Seminário WOMANART #29 – Pamila Gupta (University of Witwatersrand)

ABSTRAC: In this presentation, I provide an overview of my recent book, Portuguese Decolonization in the Indian Ocean World: History and Ethnography (Bloomsbury Academic 2019). My study of Portuguese decolonization is framed by five interconnected approaches. First, I approach the study of decolonization as simultaneously a historical event and an ethnographic moment, through different eyewitness accounts that access the experience of the transfer of state power. Second, I focus on the materiality of decolonization, one that involves the massive movement of people, ideas and things across vast oceanic and territorial spaces in a heightened manner and rapid time frame. My third area of research looks at the trauma of decolonization (both singly and doubly experienced for many), as something that has largely not been allowed to be articulated as a form of loss, especially for those minority communities caught between matrices of new and old power that I showcase in this book. Fourthly, this project of decolonization is one of writing post-national narratives that takes its cue from the analytic work and intertwined histories showcased in the book. My fifth (and last) area of intervention is to open up the kinds of source materials we use to access narratives of decolonization as different forms of seeing, thinking and writing about history. It is here that I juxtapose what I consider the visual, the lyrical and the visceral. As a way to illustrate these five distinct approaches to studying decolonization, I will showcase individual case studies drawn from specific body chapters.

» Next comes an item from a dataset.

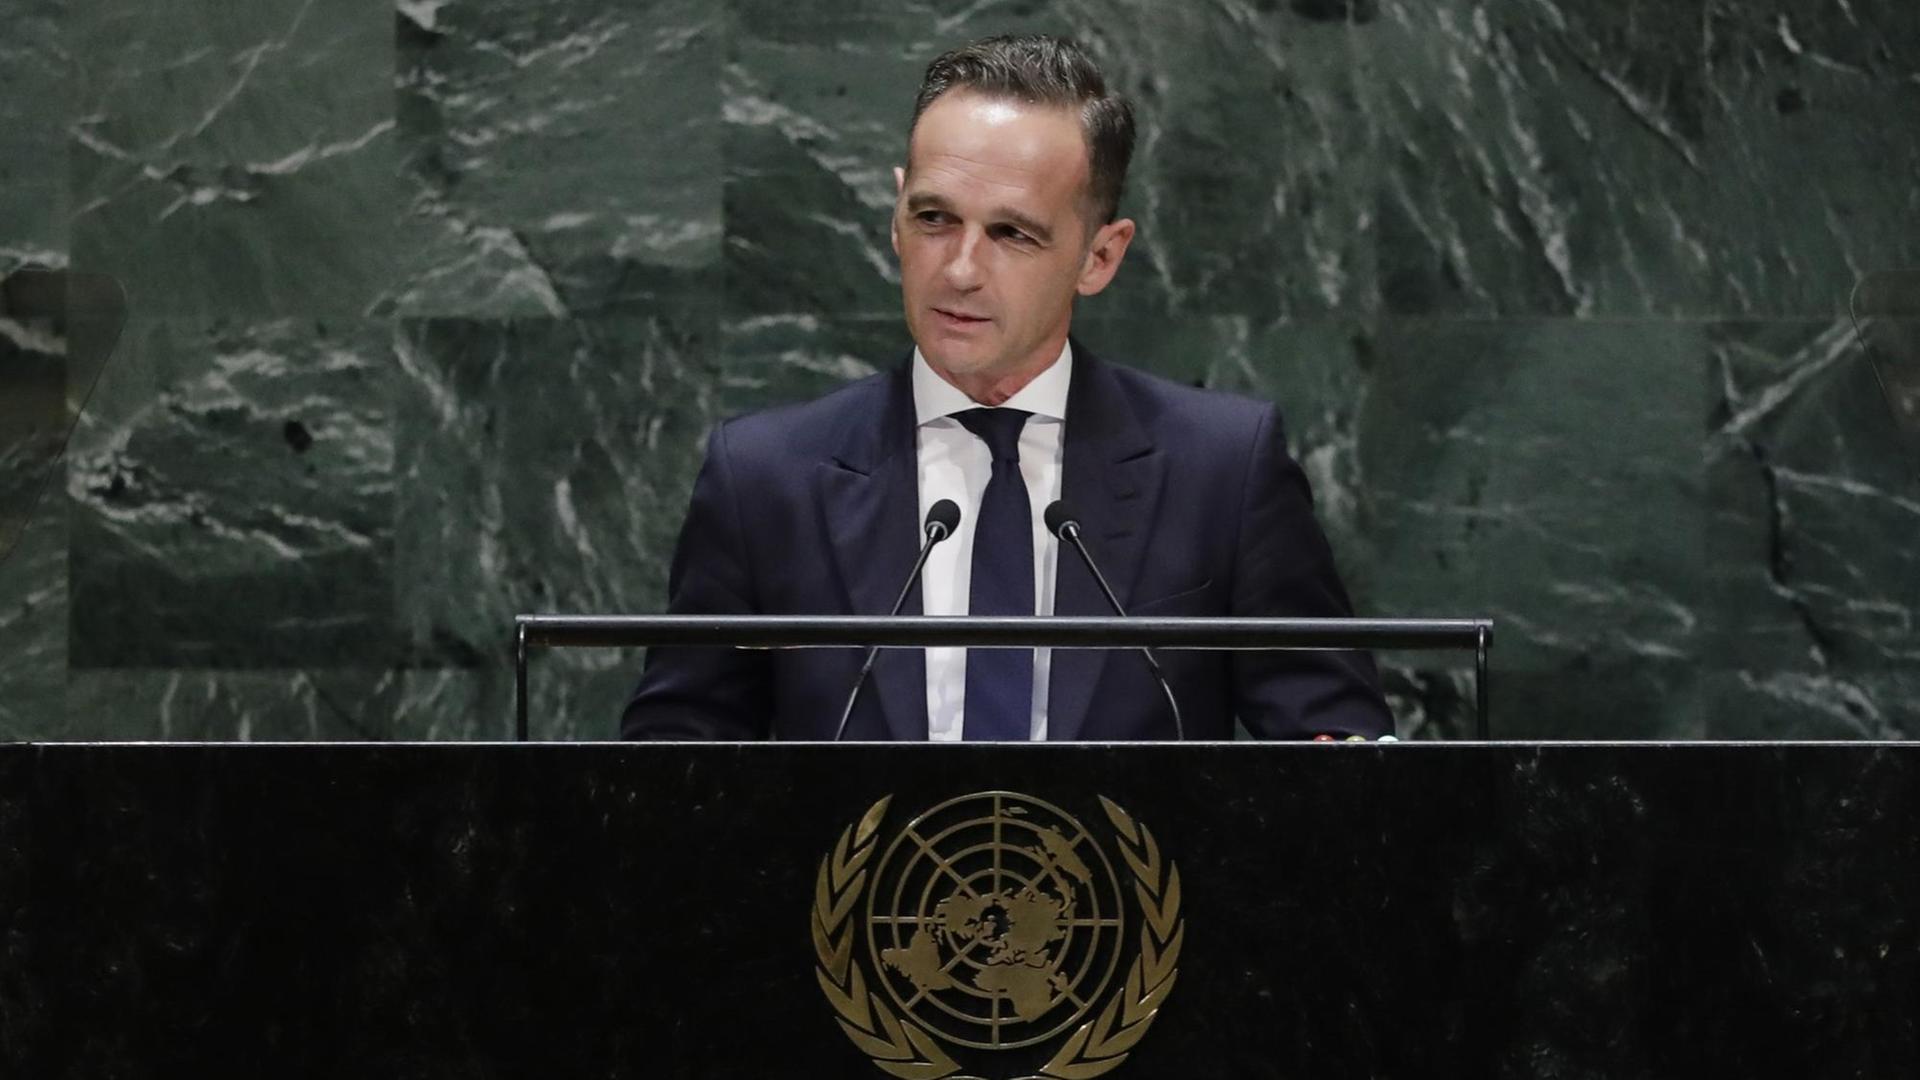 Maas steht mit leichtem Lächeln am Rednerpult vor der Marmorwand des UNO-Präsidiums und spricht in zwei Mikrofone. Er trägt einen dunkelblauen Anzug.

Pamila Gupta is Professor at WiSER (Wits Institute for Social and Economic Research) at the University of Witwatersrand in Johannesburg, South Africa. She holds a PhD in Socio-cultural Anthropology from Columbia University. She has written on such varied topics as the monsoon; monuments, tiles and the colour blue for the Portuguese diaspora in South Africa; islandness in the Indian Ocean; tourism and heritage design in Goa; Goan fishermen and urban renovation in Mozambique; tailoring, photography and visual cultures in Zanzibar; and chick-lit and swimming pools in Johannesburg. She is the co-editor of Eyes Across the Water: Navigating the Indian Ocean with Isabel Hofmeyr and Michael Pearson (UNISA, 2010). Her first monograph entitled The Relic State: St. Francis Xavier and the Politics of Ritual in Portuguese India was published by Manchester University Press (2014) and her second monograph entitled Portuguese Decolonization in the Indian Ocean World: History and Ethnography was recently published with Bloomsbury Academic Press (2019).